*** Supplied information ***

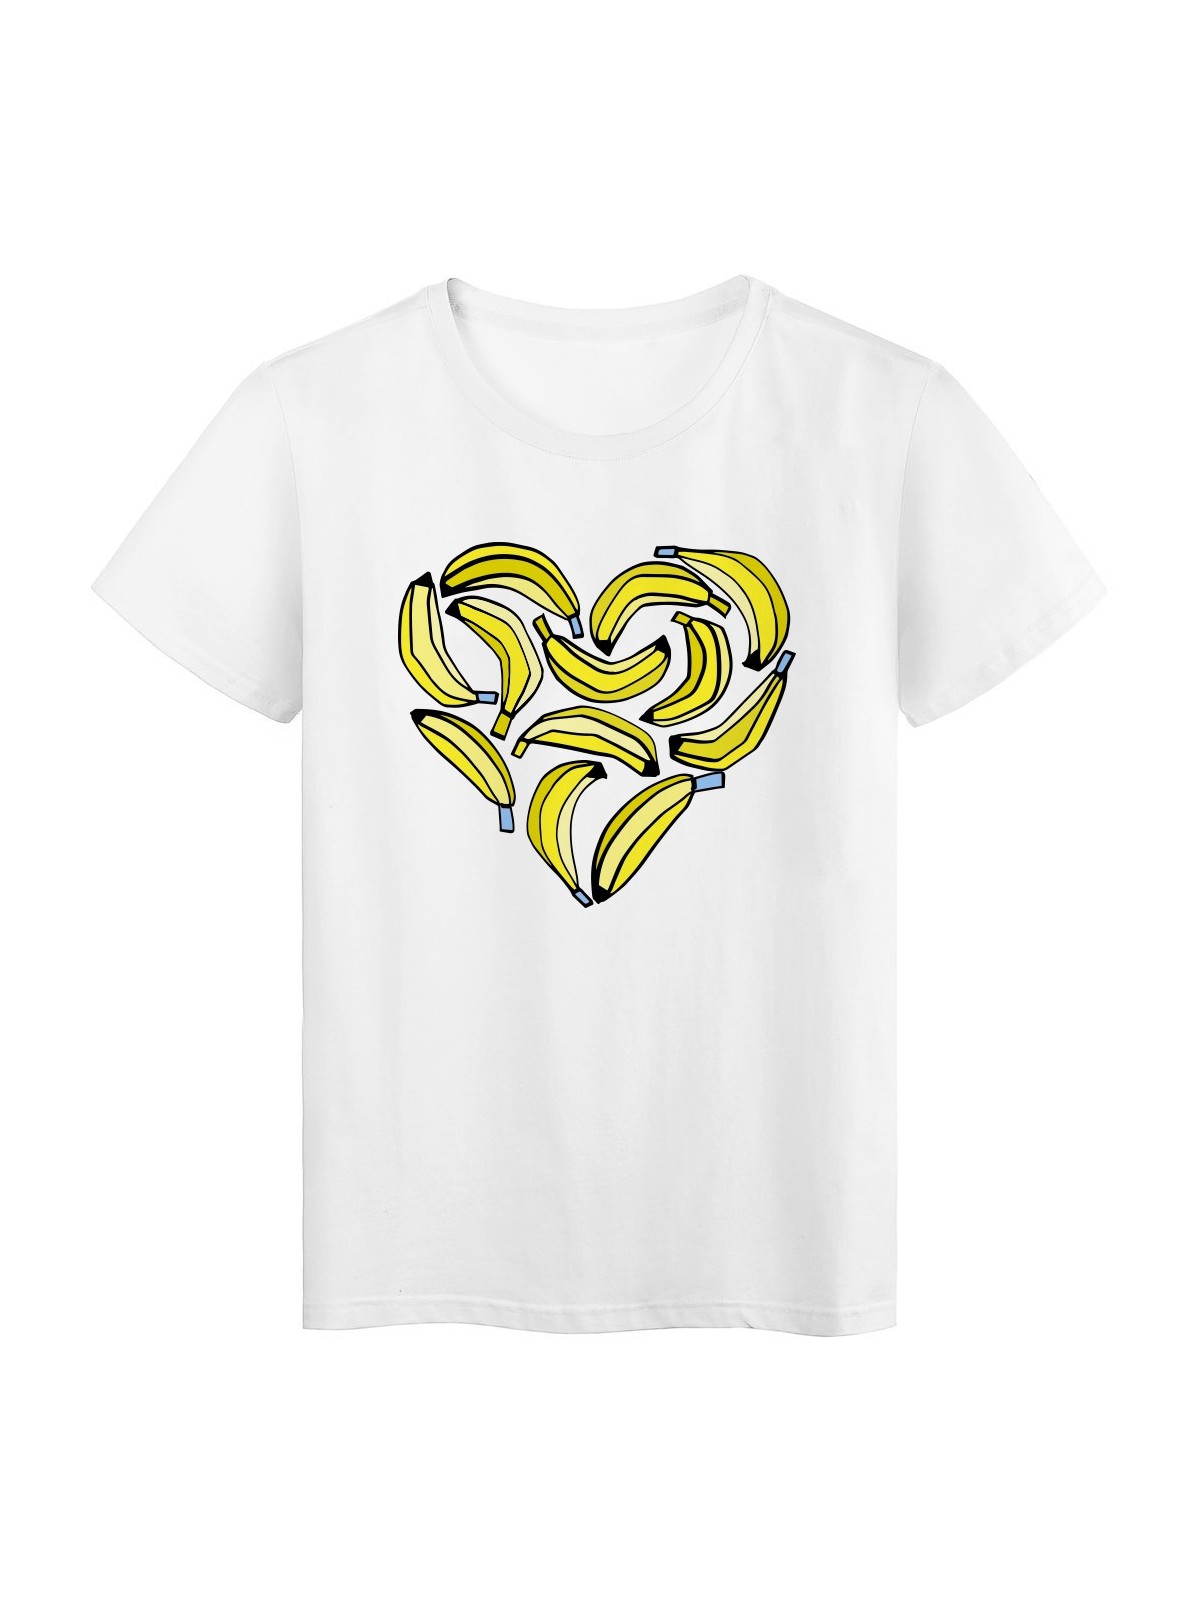 T-Shirt blanc Design cÅ“ur de bananes rÃ©f Tee shirt 2172
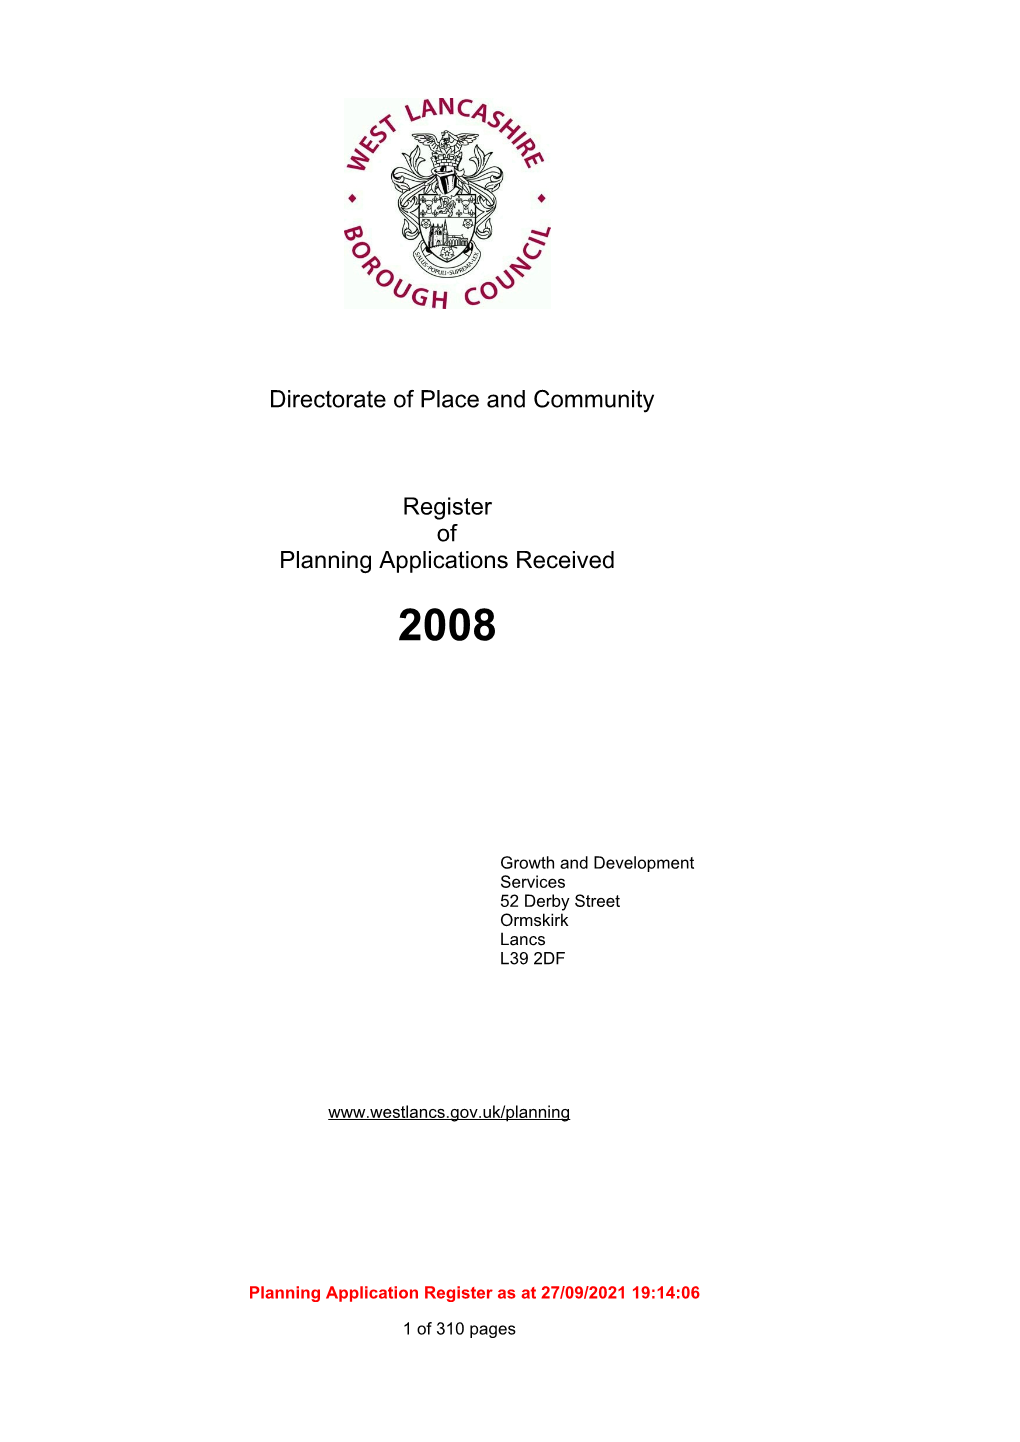 Register of Planning Applications 2008
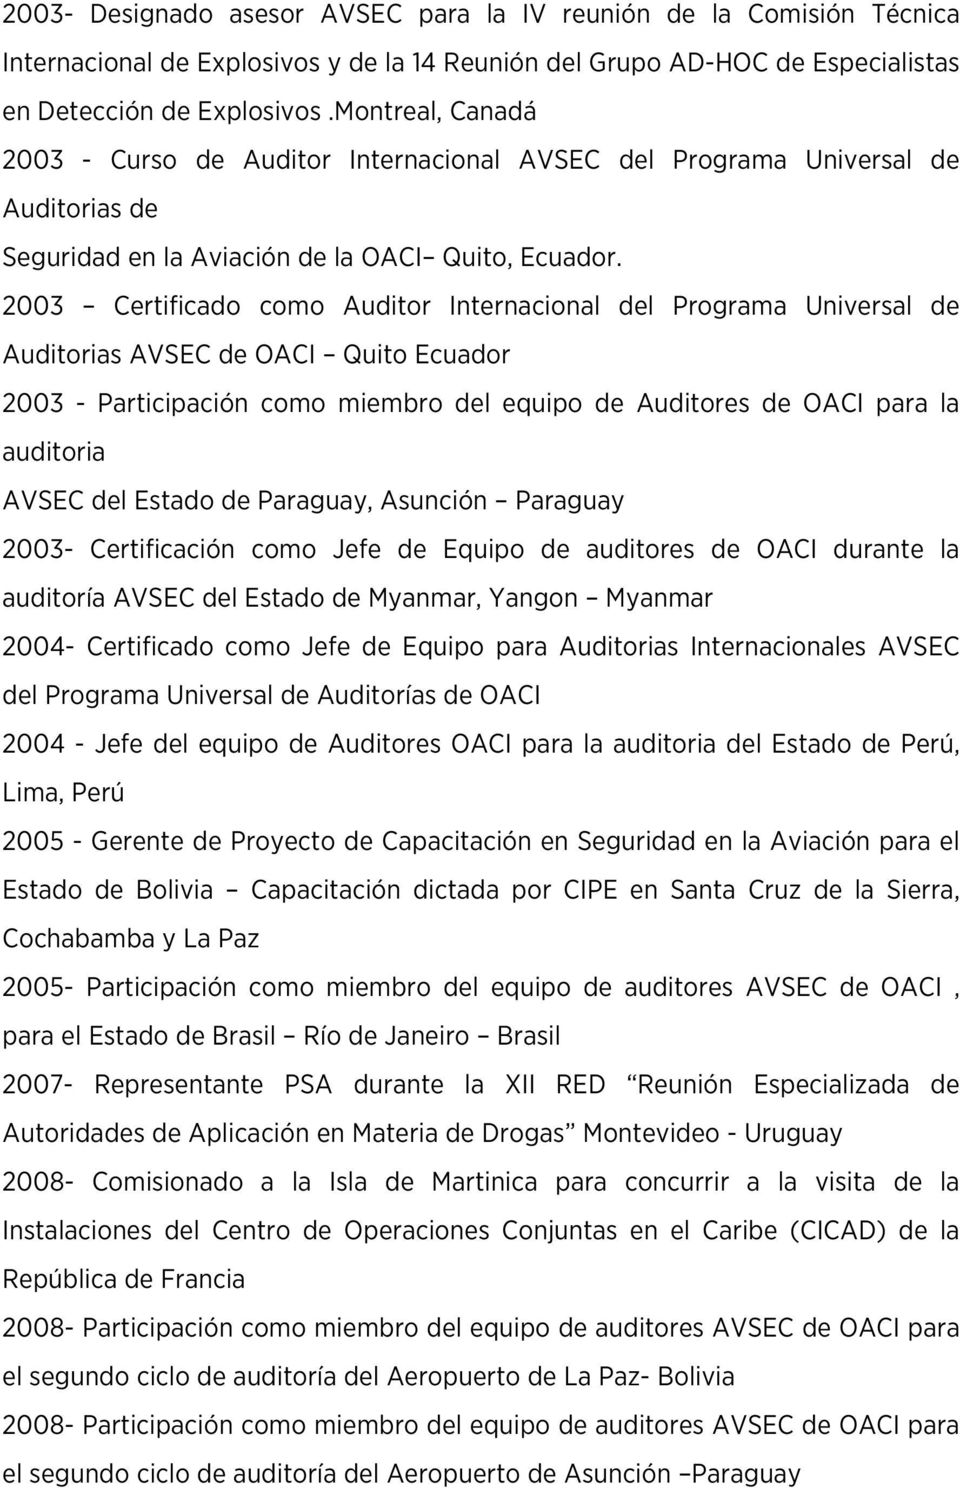 2003 Certificado como Auditor Internacional del Programa Universal de Auditorias AVSEC de OACI Quito Ecuador 2003 - Participación como miembro del equipo de Auditores de OACI para la auditoria AVSEC

*** End of Supplied information ***

**What you have to do**:
An exact printout of the listing is needed, minus any pictures it contains.

**Output below**:
 T-Shirt blanc Design cÅ“ur de bananes rÃ©f Tee shirt 2172
 Register of Planning Applications 2008
 2003 Certificado como Auditor Internacional del Programa Universal de Auditorias AVSEC de OACI Quito Ecuador 2003 - Participación como miembro del equipo de Auditores de OACI para la auditoria AVSEC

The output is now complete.